Les gardiens postés à l’entrée du complexe du mur Occidental à Jérusalem ont « fouillé au corps » mercredi quatre femmes étudiantes dans une école rabbinique en amont du service de prière mensuel organisé par l’association des Femmes du mur sur le lieu saint, ont annoncé des associations libérales juives.

Le centre d’action religieuse israélien (IRAC), qui est le bras juridique du mouvement réformé en Israël, a indiqué que les quatre femmes, étudiantes au Hebrew Union College, ont été retenues puis interrogées par les gardiens avant de devoir soulever leurs chemises et leurs jupes.

Le directeur de l’IRAC a déclaré que ces fouilles étaient une « nouvelle bassesse » du rabbinat du mur Occidental, qui est fortement opposé à l’association des Femmes du mur.

« C’est une nouvelle bassesse de la part du rabbin du Kotel qui tente d’intimider, d’humilier, et d’exclure les femmes libérales qui s’efforcent de prier au mur Occidental. Malgré les événements survenus aujourd’hui, ces quatre responsables juives courageuses continueront à aimer Israël, le mur et la justice », a déclaré le rabbin Noa Sattath dans un communiqué, utilisant le mot hébreu qui désigne le mur Occidental.

« Aujourd’hui, nous soumettons officiellement une plainte au procureur général et au bureau du Premier ministre pour leur demander d’agir, pour s’attaquer à ce qu’il s’est passé ce matin », a-t-elle ajouté.

« Ces fouilles vont à l’encontre de la décision prise par le magistrat [de la cour suprême Elyakim] Rubinstein qui a établi que les fouilles au corps sur les membres de l’association des Femmes du mur sont illégales sans menace grave à la sécurité. Quelques unes de ces étudiantes, qui visitaient le Kotel pour la première fois, ont été choquées par cet incident et par l’expérience difficile qui leur a été imposée », a fait savoir le groupe dans un communiqué.

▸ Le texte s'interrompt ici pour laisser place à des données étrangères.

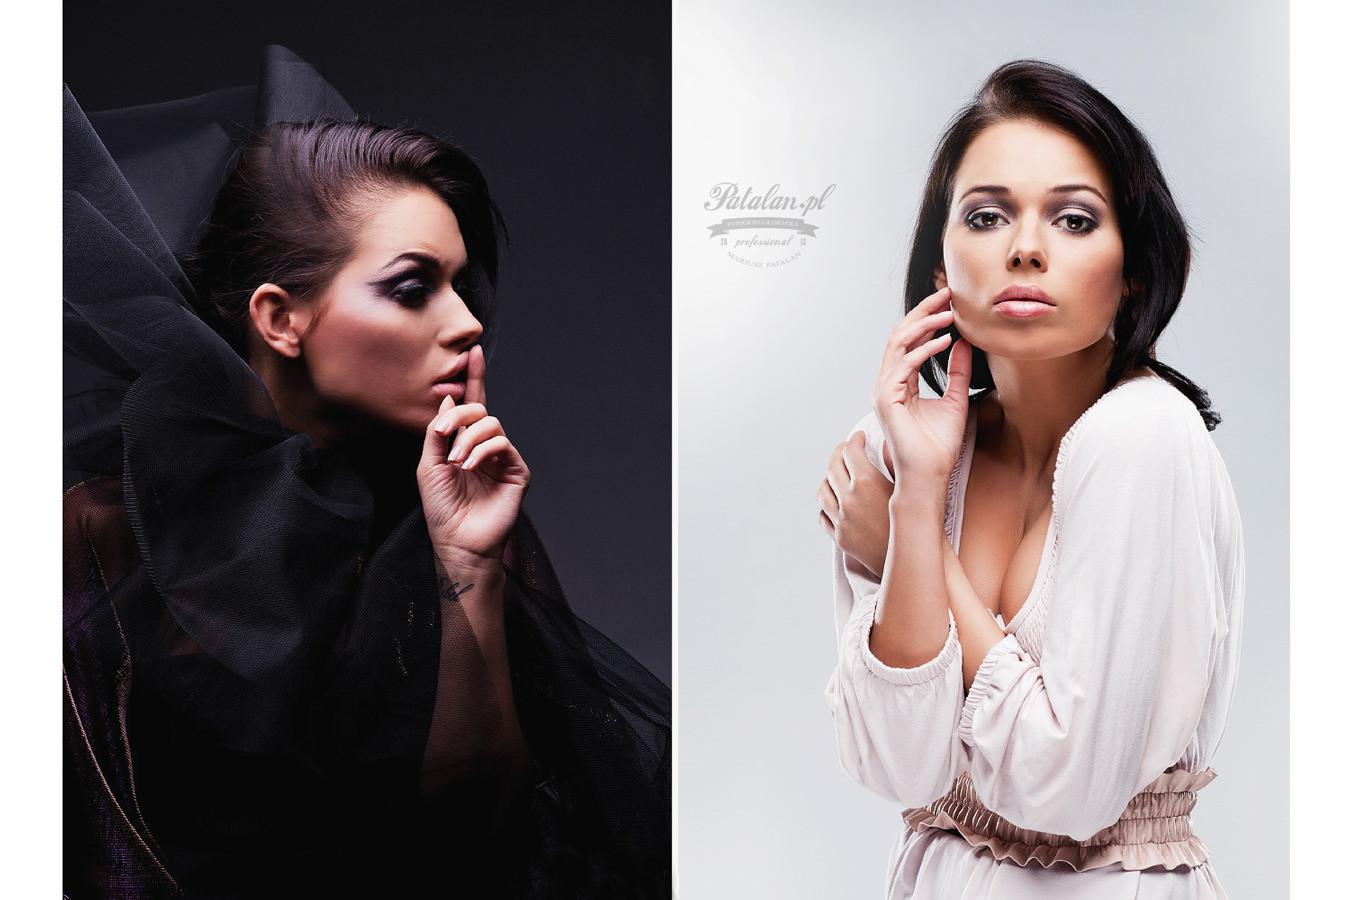 seksowna modelka, zmysłowa sesja, senualna sesja zdjęciowa, piękny portret, zdjęcia w studio, modelka w   spodenkach
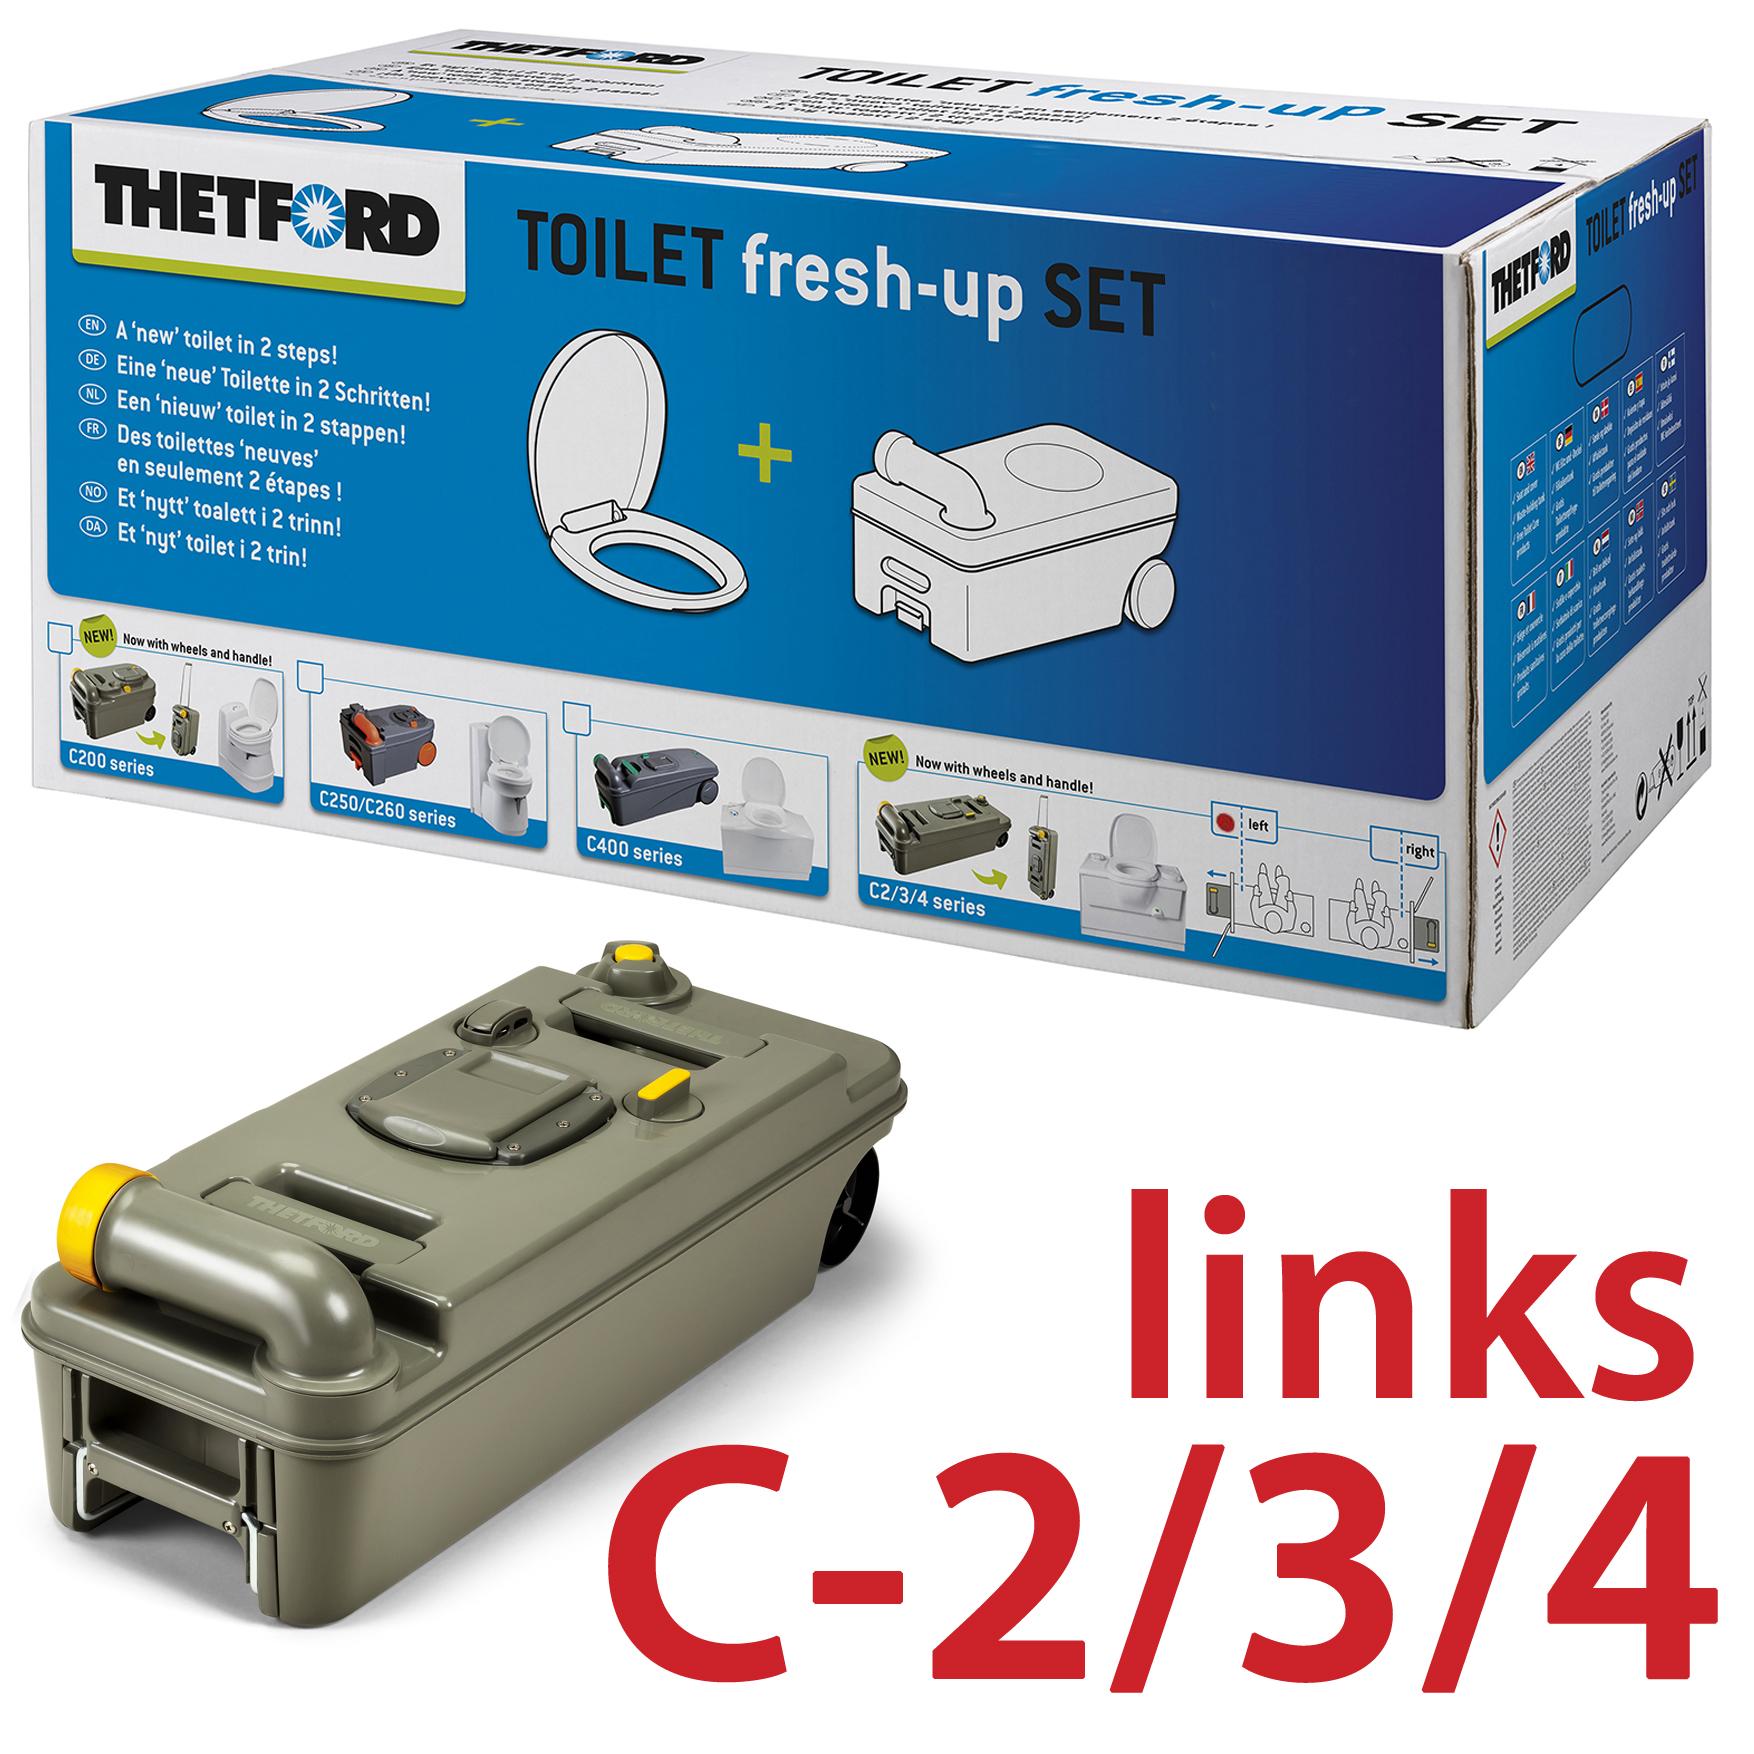 Abwassertank Thetford Casetten Toilette C200 Fresh Up Set

Les médias religieux ont annoncé que les femmes portaient sur elles des rouleaux de Torah dissimulés, ce que le rabbin du mur Occidental Shmuel Rabinovitch a qualifié de « profanation ».

« Aujourd’hui, au premier jour du mois juif d’Elul, toutes les lignes rouges ont été franchies. Ces femmes ont fait entrer clandestinement des rouleaux de Torah enroulés autour de leur corps, elles ont caché des sifflets dans leurs parties intimes, et pour quoi ? Pour le ‘caractère sacré’ de la guerre civile au mur Occidental », a-t-il déclaré.

Durant le service de prière, les femmes ont lu des textes sur un rouleau de Torah puis ont fait résonner 15 shoffars, des activités auxquelles s’opposent avec véhémence les Juifs ultra-orthodoxes, qui affirment que seuls les hommes sont en droit de s’y livrer.

« Nous avons fait résonner le shoffar aujourd’hui pour démolir les murs de l’apathie, de l’exclusion, du silence imposé et de la discrimination… Nous attendons de la Cour suprême, qui a prouvé qu’elle était ‘l’adulte responsable’ de l’Etat, qu’elle apporte une solution juste à notre demande fondamentale d’égalité des droits en faveur des femmes au mur », a expliqué Anat Hoffman, présidente des Femmes du mur.